Task item.
In the records below, find the line that contains "Devrimci Aleviler Birliği" and the line that contains "Le garçon joue"; write out exactly those two lines and everything between them, without the pictures.

Given information.
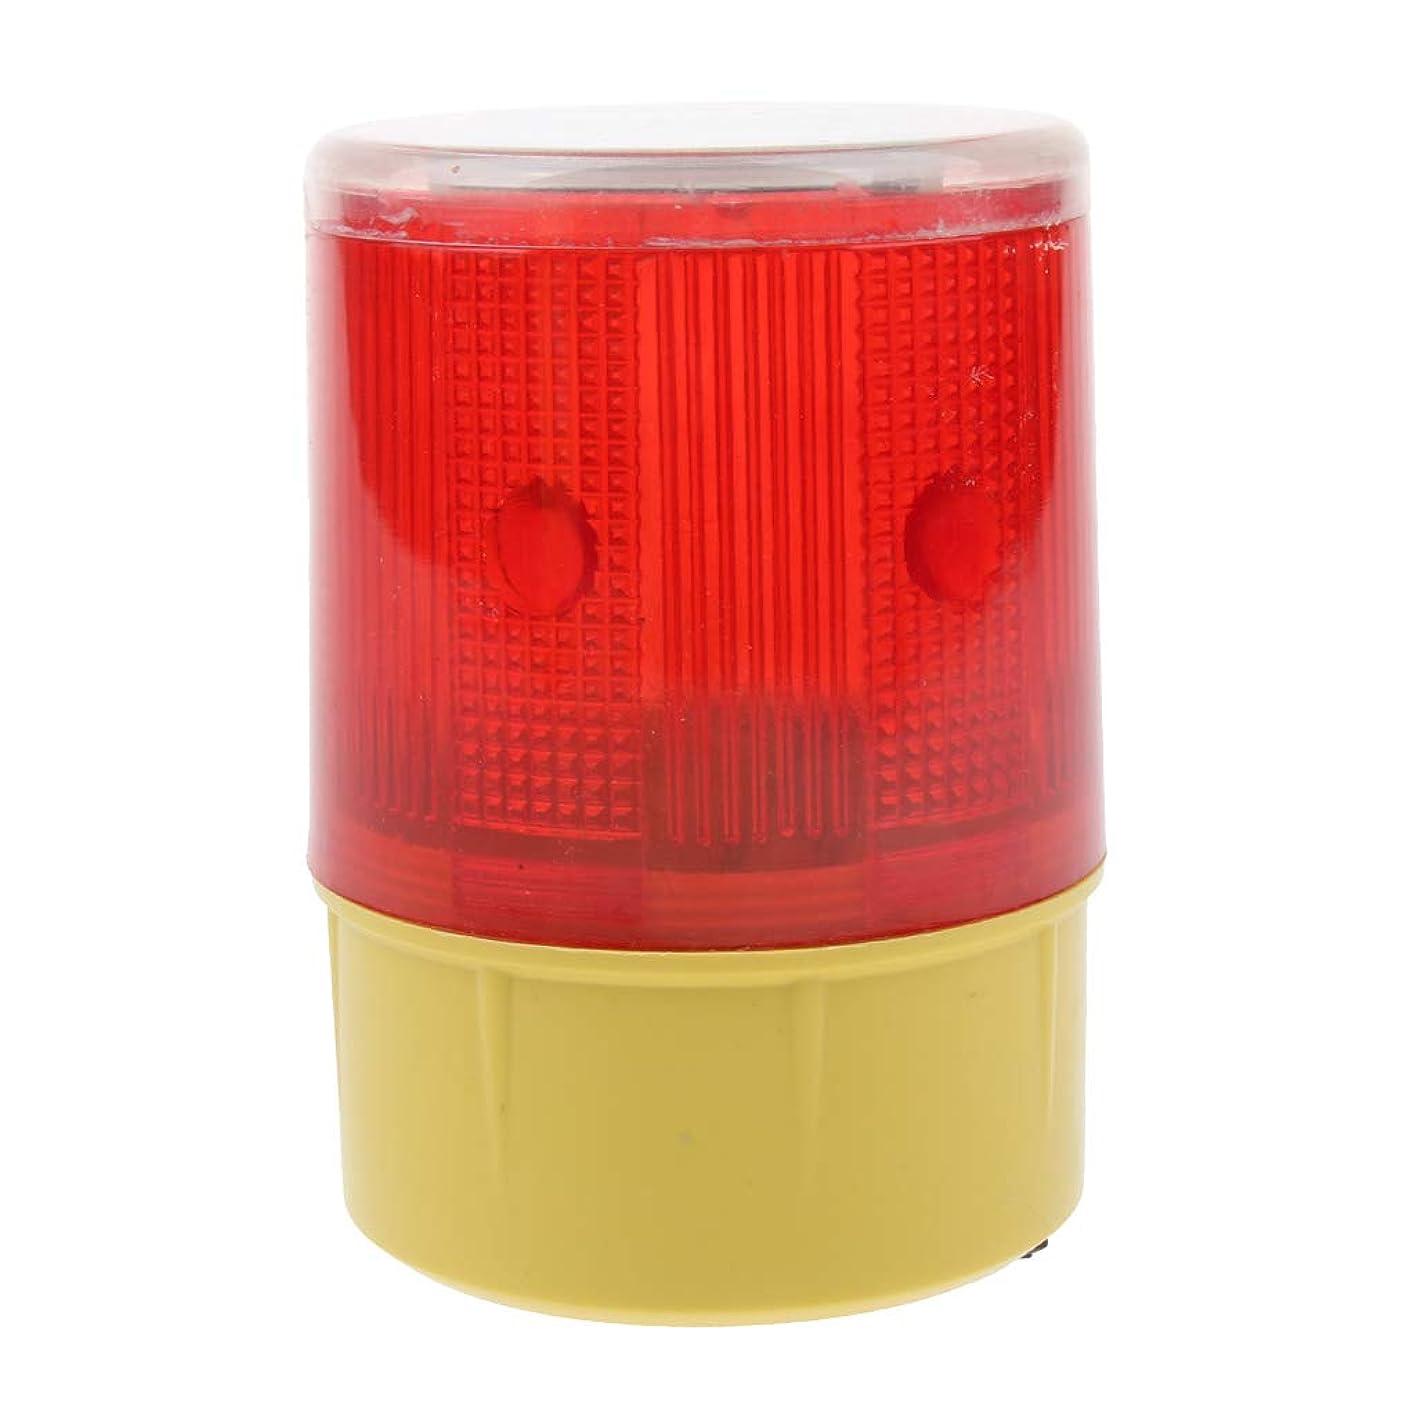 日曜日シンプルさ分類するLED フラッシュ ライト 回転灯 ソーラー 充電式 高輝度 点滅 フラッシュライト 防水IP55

==

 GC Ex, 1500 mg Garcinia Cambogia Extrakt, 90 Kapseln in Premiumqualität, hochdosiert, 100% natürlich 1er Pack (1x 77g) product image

==

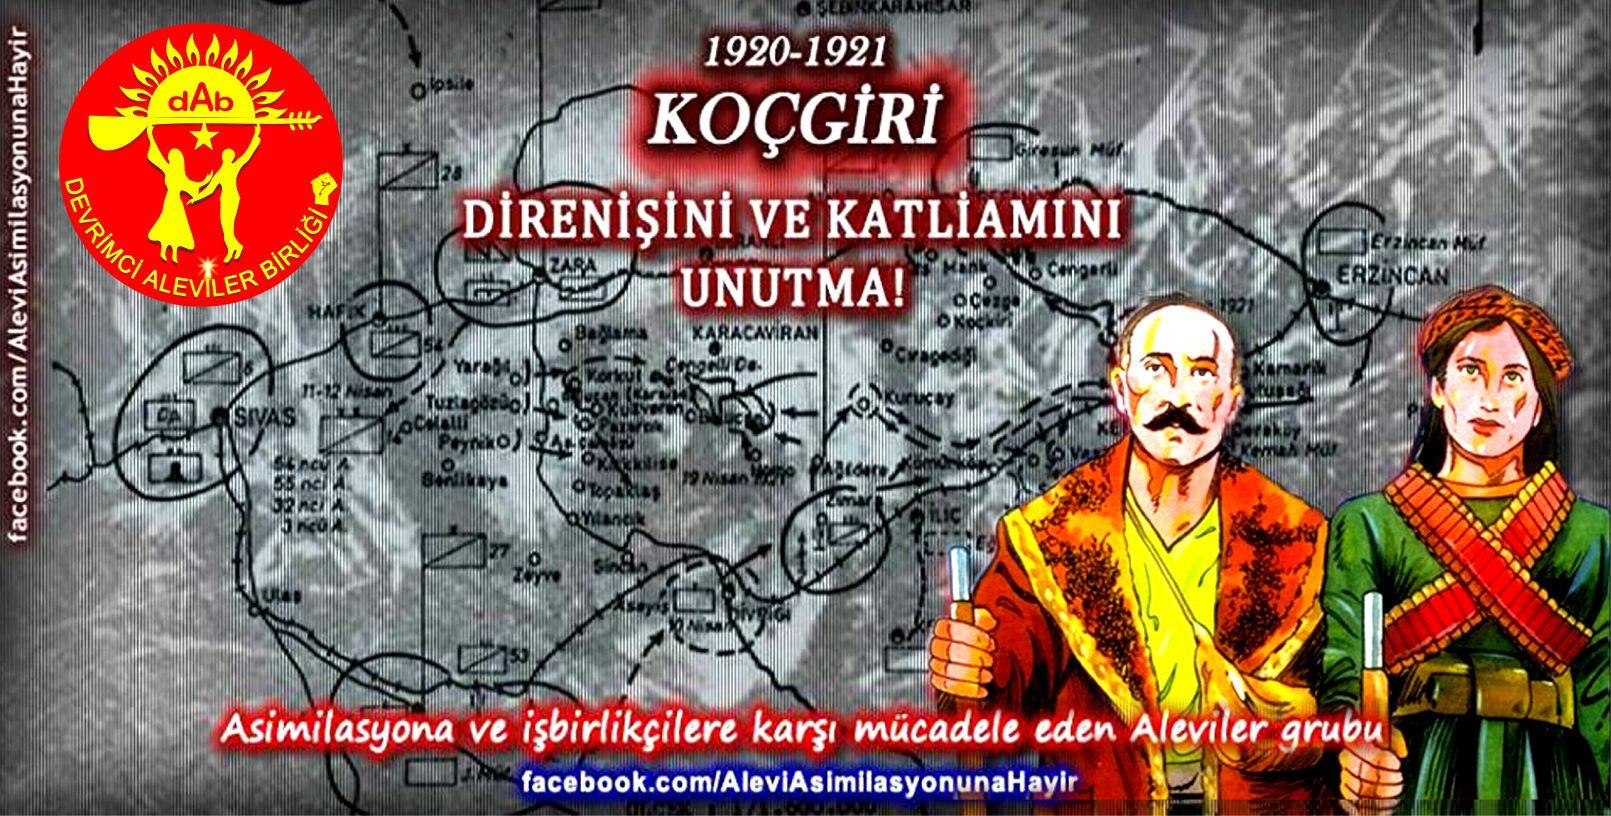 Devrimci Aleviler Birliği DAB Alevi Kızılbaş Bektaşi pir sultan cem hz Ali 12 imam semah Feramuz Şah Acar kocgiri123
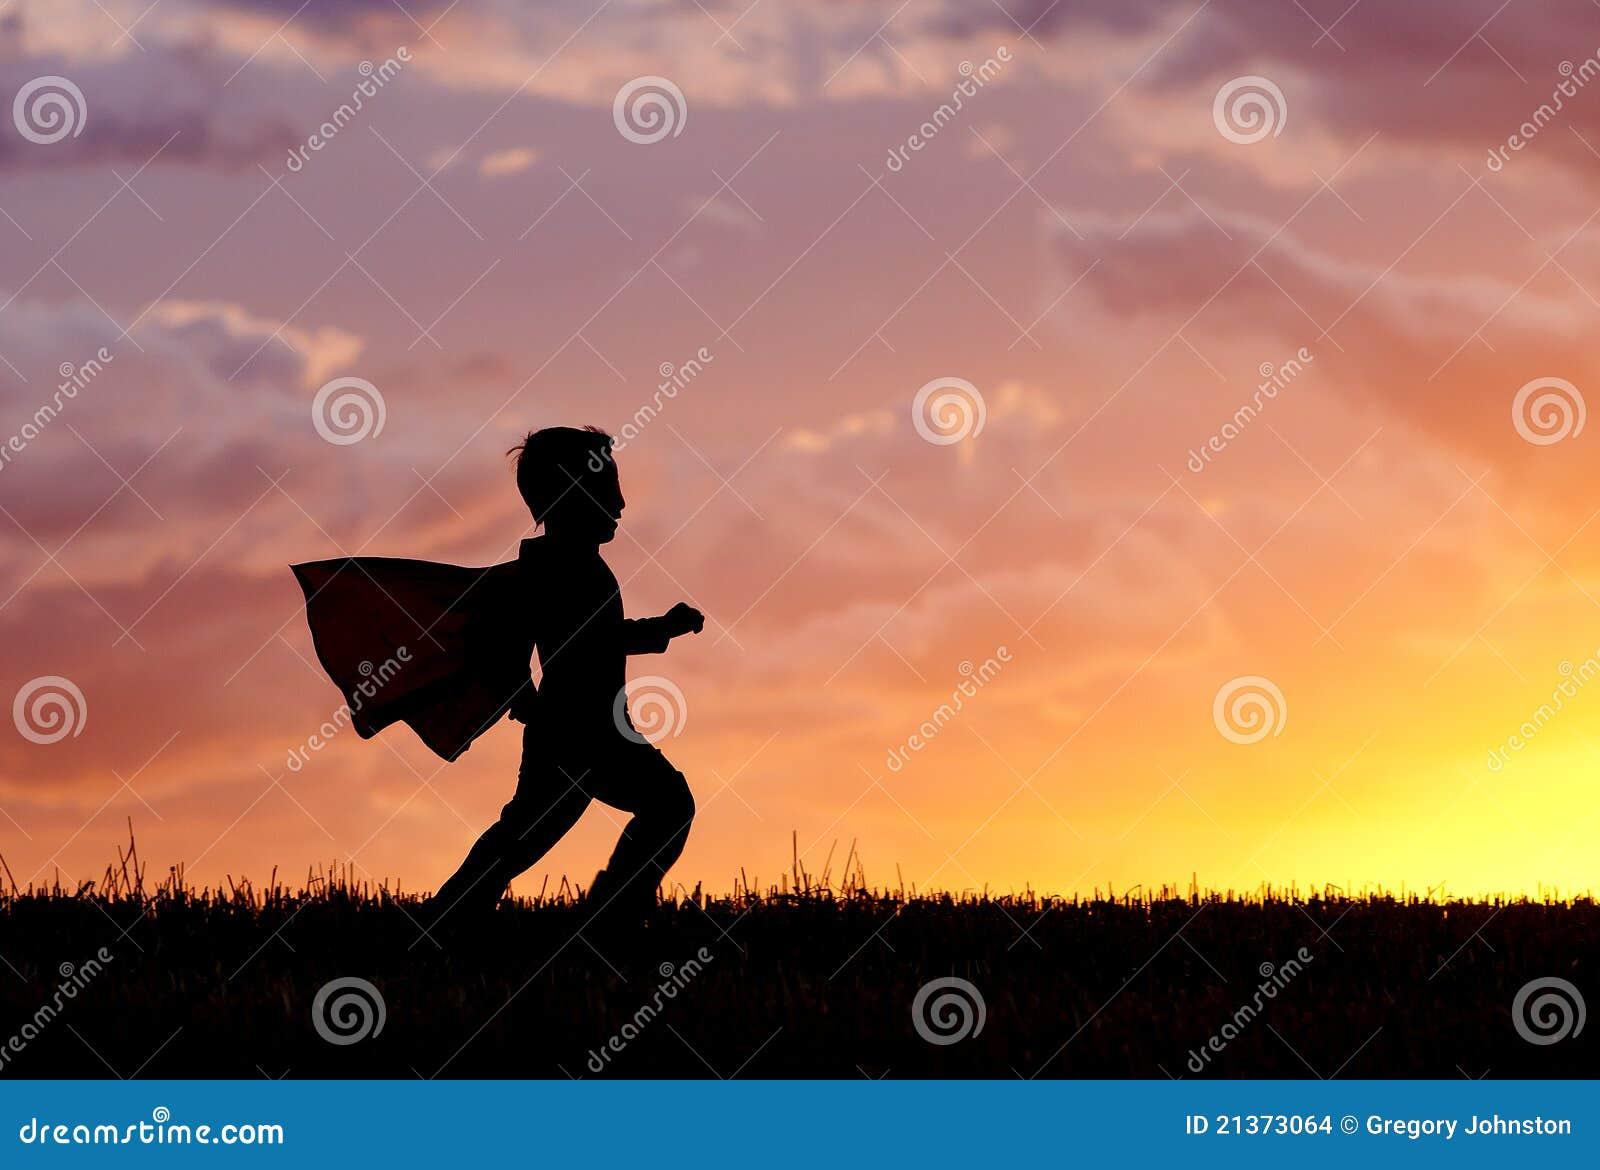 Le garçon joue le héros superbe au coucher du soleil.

Finished task.
 Devrimci Aleviler Birliği DAB Alevi Kızılbaş Bektaşi pir sultan cem hz Ali 12 imam semah Feramuz Şah Acar kocgiri123
 Le garçon joue le héros superbe au coucher du soleil.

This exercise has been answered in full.